The higher a worker’s earnings, the more likely he or she was to have a plan available at work. Two-thirds of workers earning $50,000 or more had an employer that sponsored a salary reduction plan, compared with only 8 percent of workers earning less than $5,000 (table 2). Furthermore, when a plan was available, higher earning workers were more likely to participate than lower earners. Twenty percent of workers earning less than $5,000 contributed to a plan when one was offered, compared with 83 percent of workers earning $50,000 or more.
As seen above, participation rates among eligibles are much higher for employment-based salary reduction plans than for IRAs. Why?
Participation in a salary reduction plan is generally more convenient since it is offered through the workplace and involves automatic contributions from a worker's paycheck before he or she even sees the money. Plan sponsors will also market the plan to their employees and typically educate them as to the importance for their retirement income security of participating in the plan. With IRAs, on the other hand, an individual must make a conscious decision to seek out such information on his or her own (unless it is offered through work). Moreover, it has been speculated that some workers who are eligible for a tax-deducible IRA contribution may not be aware of their eligibility.
Another important reason is the availability of employer matching contributions with salary reduction plans. Among workers whose employer sponsored a salary reduction plan in 1993, 51.3 percent reported that their employer provided matching contributions to the plan. The actual percentage was likely higher because 30.2 percent did not know if their employer matched contributions. Among those responding that their employer did provide a matching contribution, the average reported match rate was 65 percent (i.e., for every $1 the employee contributed, the employer contributed 65 cents). Such employer matching contributions are not available with IRAs.
Studies have found evidence that the availability of an employer match does have an effect on participation. For example, a 1995 Hewitt Associates' study of 401(k) plans found an average participation rate of 76 percent in plans with an employer match as opposed to an average of 59 percent in plans with no employer match. Similarly, a 1996 Buck Consultants study of 401(k) plans found an average participation rate of 67 percent in plans with no employer match, compared with participation rates near 80 percent in plans with some form of employer matching contribution.

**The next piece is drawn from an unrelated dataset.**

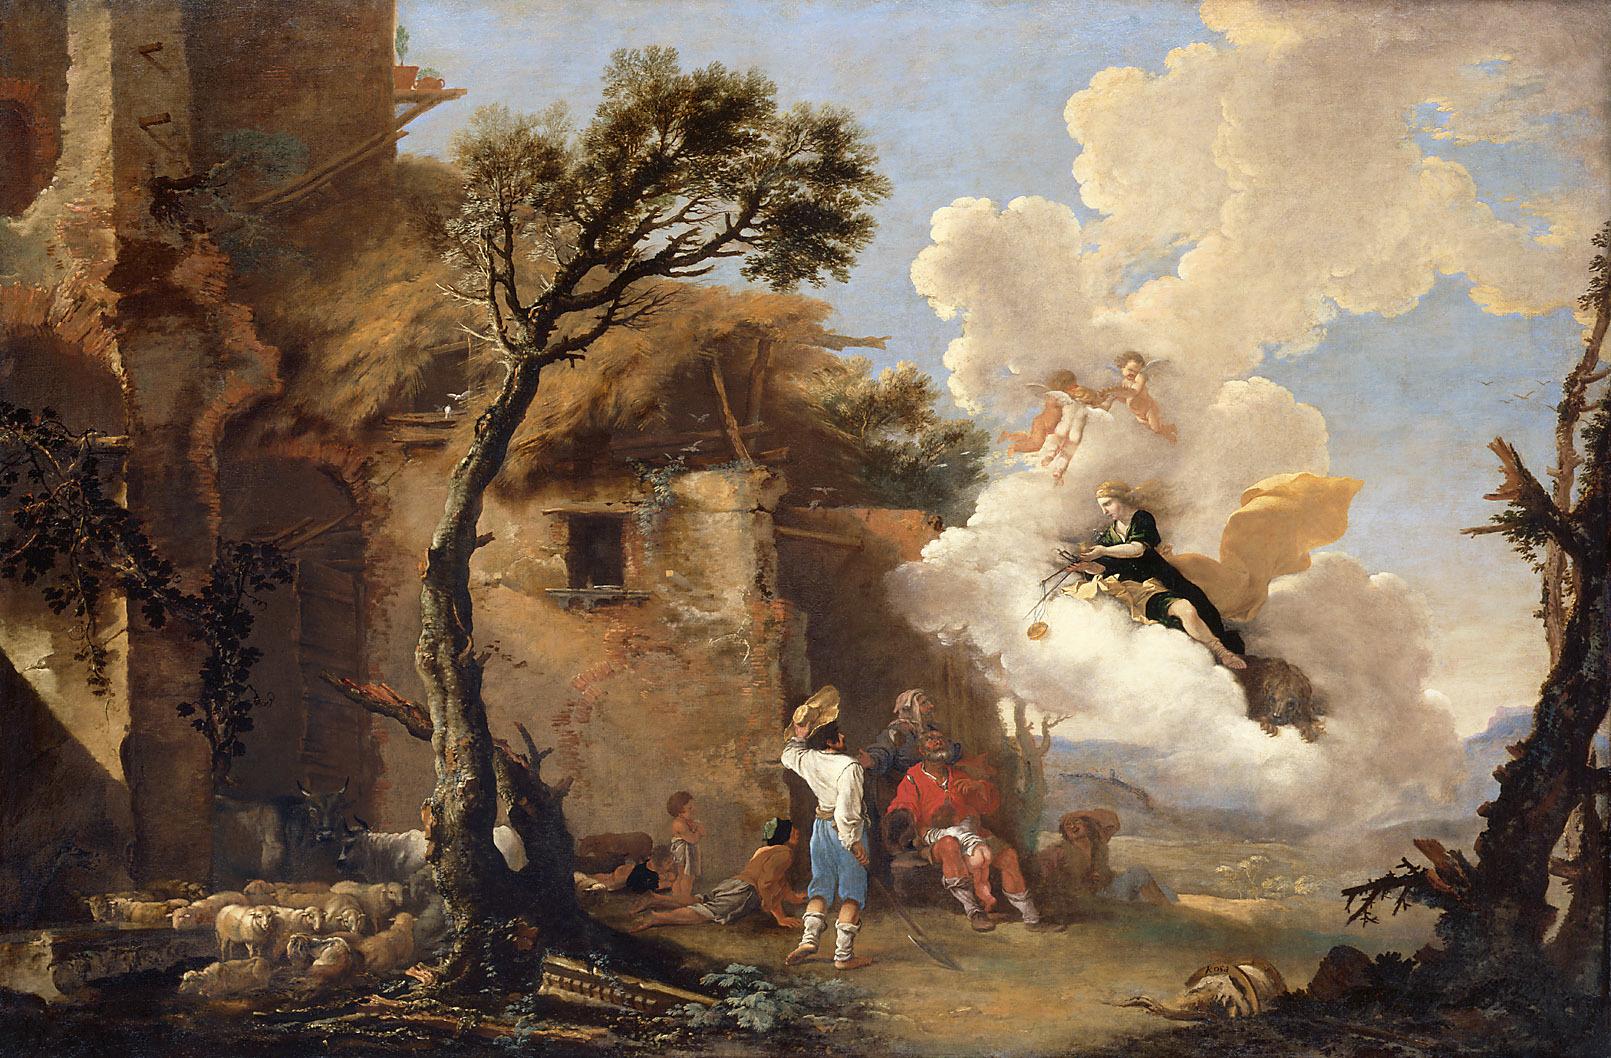 Rosa 1642-45 La Justice entre les bergers (Astree) Gemaldegalerie Vienne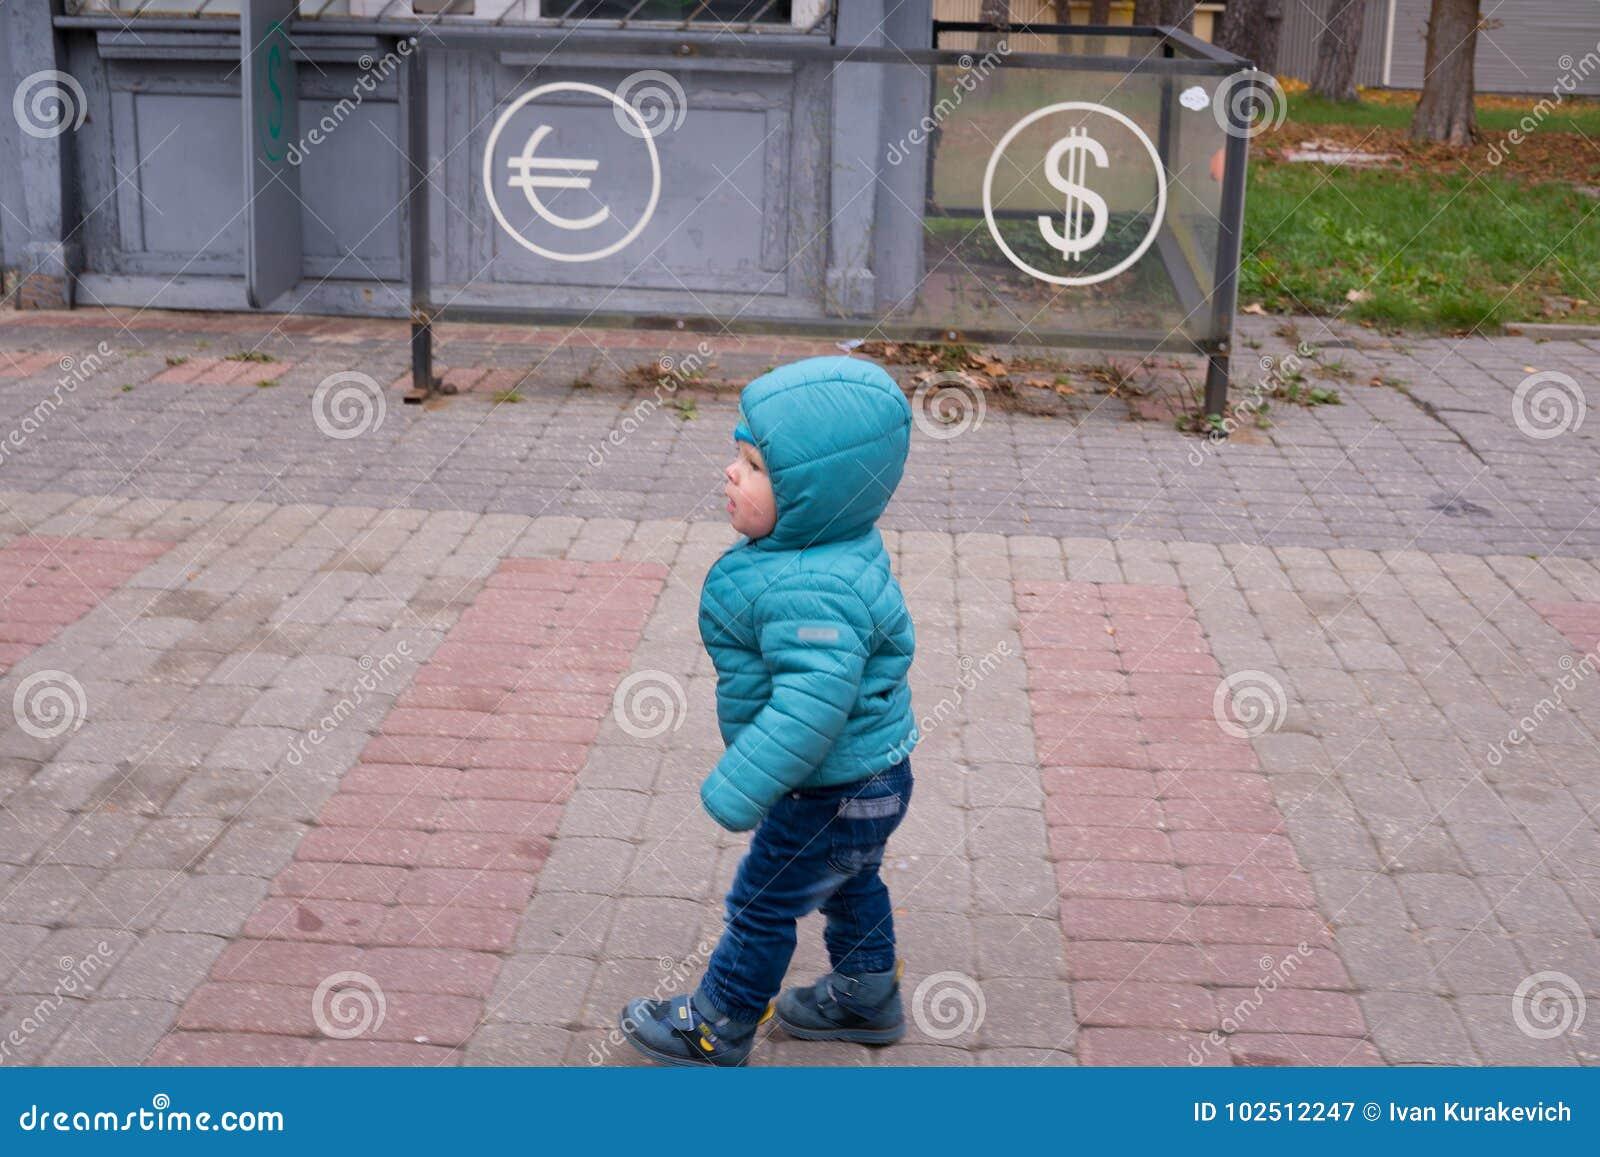 Bébé près du bureau de change image stock image du chéri coins

Finally, the other notable point from the data presented above is that, despite the rapid growth over recent years in the number of salary reduction arrangements in small firms, it is at the small plan level that a noticeable gap in plan sponsorship remains. The question naturally arises as to what, if anything, can be done to fill this void? SIMPLE IRAs and SIMPLE 401(k)s were created by the Small Business Job Protection Act of 1996 for this very reason. Time will tell how successful they will be.